No free time channel - if no free time channel is found, the sequence control circuit CCS commands the progress of the counter ACI (Fig. 5) via the wires 7, and the operations are repeated with the new contents of the register ACI; ie for the next intermediate switch. The control signals are then repeated; thus transmission from ACSj to Acs or ACE, etc. in 10 15 20 25 30 35 40 13 i 7Û15ll1i8'9 A free time channel on LRSIj and on LREIi - in the case where a free time channel is found on both LRSIj and LREIi, the control sequence circuit orders CCS the following: - the transmission from the VT1 in the transmission register (Fig. Hb) to the RVT register via the wires Ba, the "0" position of the flip-flop LRS or LRE (Fig. 5), and the transmission of the number of the ACEIi from the reception register RRI (fig. Ha) to the register ACS or ACE (fig.5), - the reading of the word in the memory block indicated by the address ACI (which has already been set by the address ACEi and LRE), - the "1" position of the binary element , indicated by the RVT register and the associated decoder DBD, in the read / write register RLE, - the entry in the memory block, at the same address, of the new contents of the read / write register, - the transfer from the ACSj register in the reception register RRI (fig. Ha) to the register ACS or ACE (Fig. 5), - the "1" position of the flip-flop LRS or LRE, - the reading of the word in the memory block MCO indicated by this new address, '- the transfer to RVT (fig. 7) from the register VTm in the transmission register via the wires 6a, - the "1" position in the read / write register of the binary element, indicated by the register RVT and the associated decoder DBD, - the entry in the memory block at the same address of the new contents of the read / write register.

The control sequence circuit CCS then controls the transmission to the central computer via the wires ECC (Fig. Hb) of the information contained in the transmission register RCI, namely the positive path search result, ie: - the number for VT1 on LREIL - the number for VTm on LRSIj; the central computer already has the numbers of the switches ACSj and ACEi, ie the numbers of LRSIj and LREIi.

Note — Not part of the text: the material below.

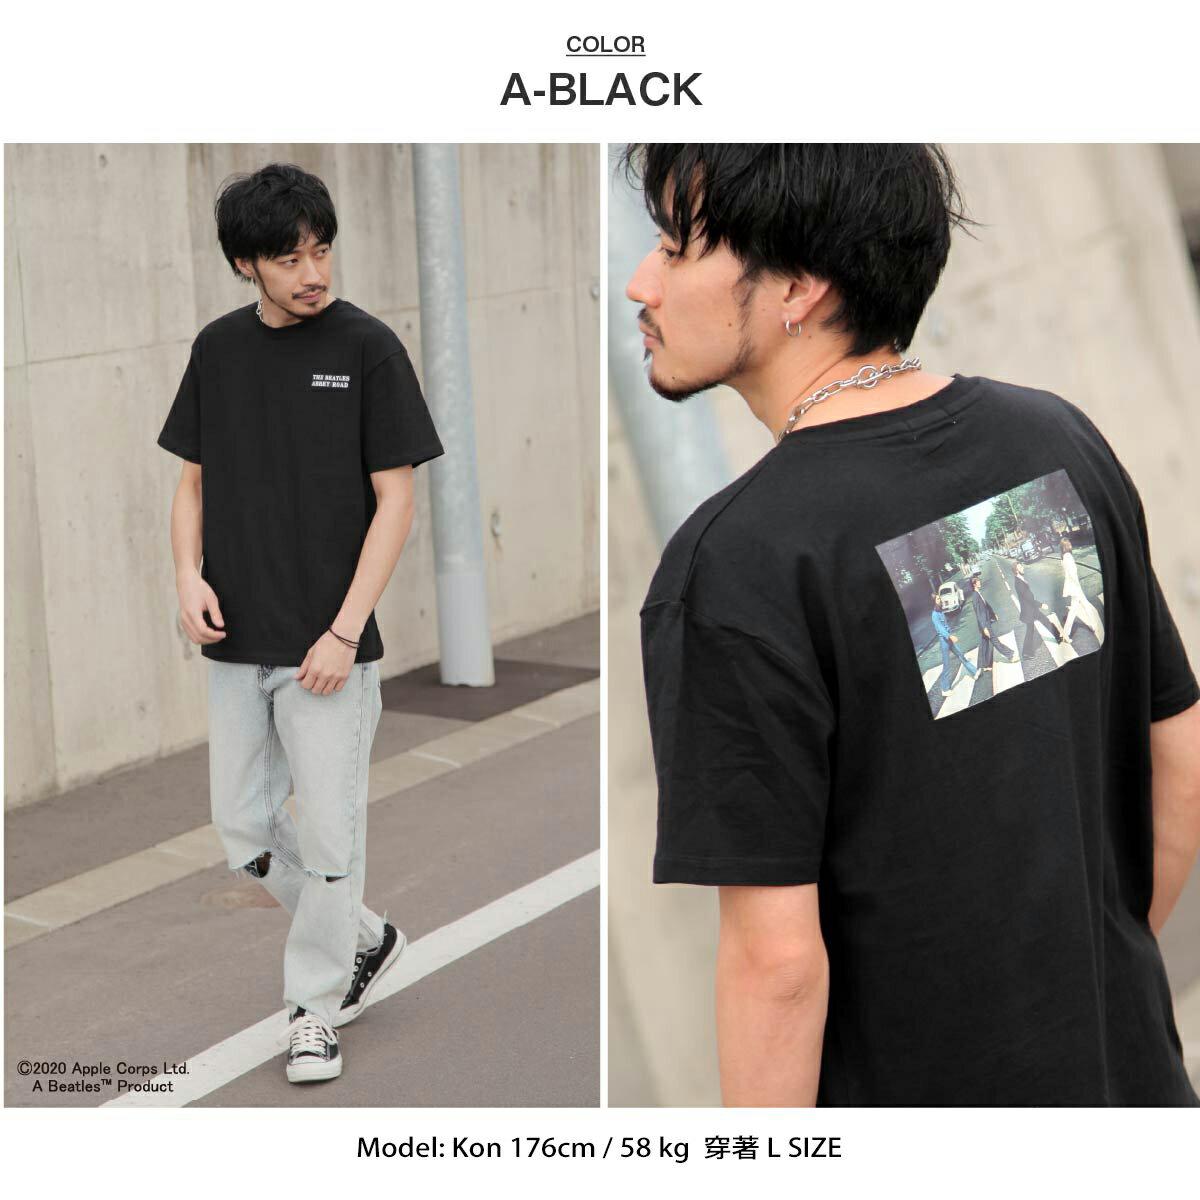 【New】披頭四印刷短袖T恤  Abbey Road 艾比路 披頭四 4

If the search gives a negative result, the transmitted information indicates that there is no available connection path, and the contents of the register are 0 (ACI, Vtl and VTm).

- The function of releasing a coupling path.

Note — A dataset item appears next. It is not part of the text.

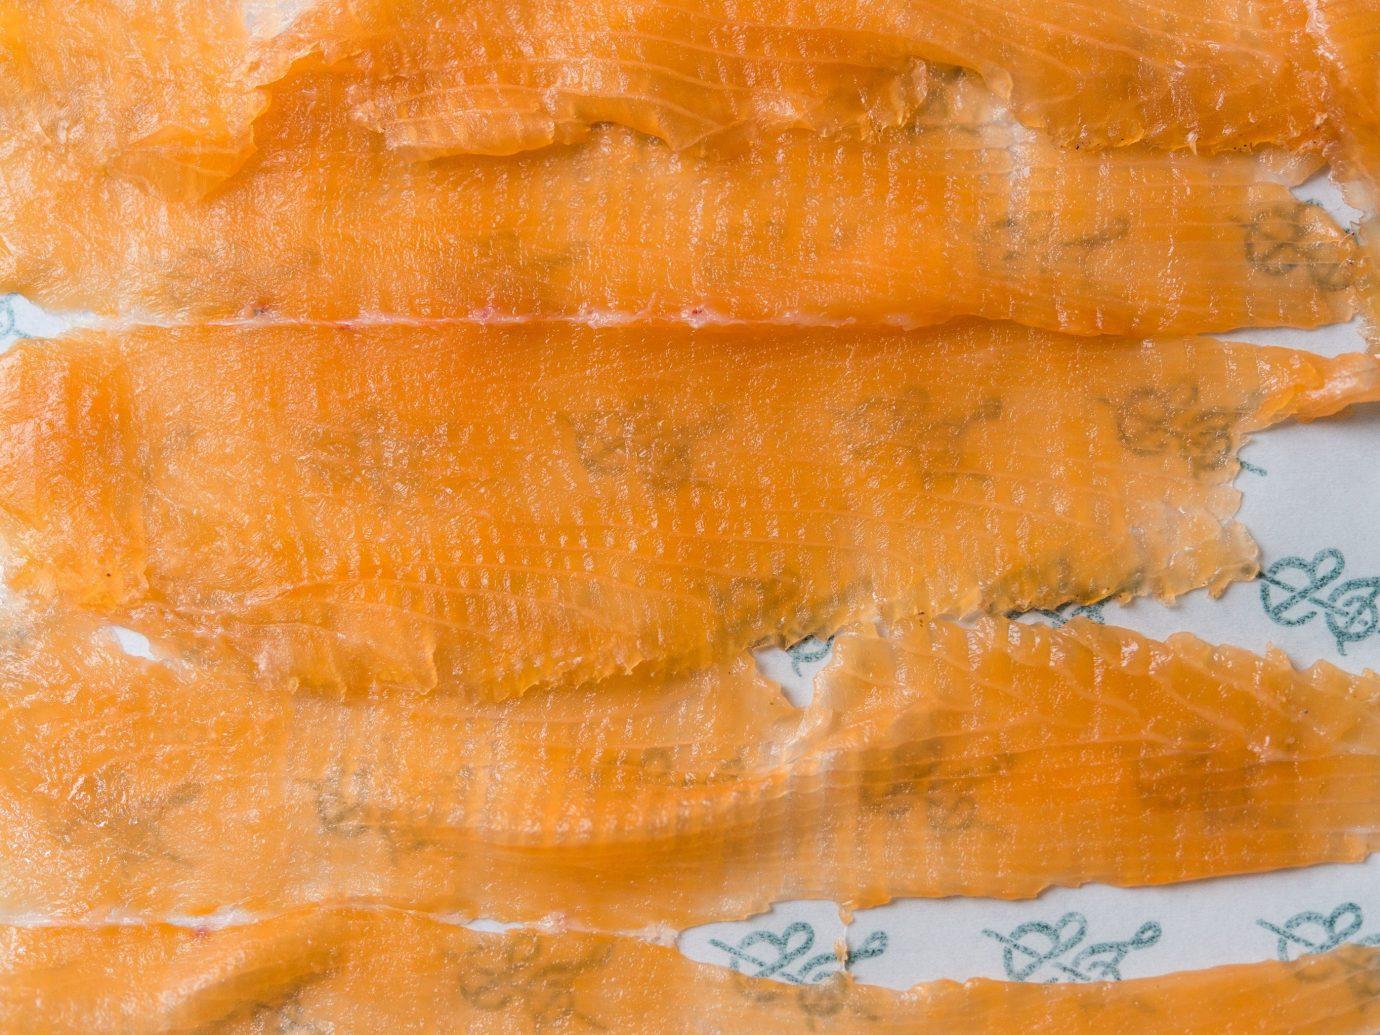 Food + Drink orange food produce leaf carrot carving dish dessert textile material vegetable

Another function is described below, which relates to the release of a coupling path. After receiving via the BLDC block the function information FO for switching path release, the reception register RRI (Fig. Ha) receives the necessary information for the execution, ie: _ - the address ACI of the intermediate switch, - the addresses ACSj and ACEi for the switches having the mains lines LRSIj and LREIi connected to ACI, - the time channel numbers VT1 and VTm for the time channels to be released on LREIi and LRSIj.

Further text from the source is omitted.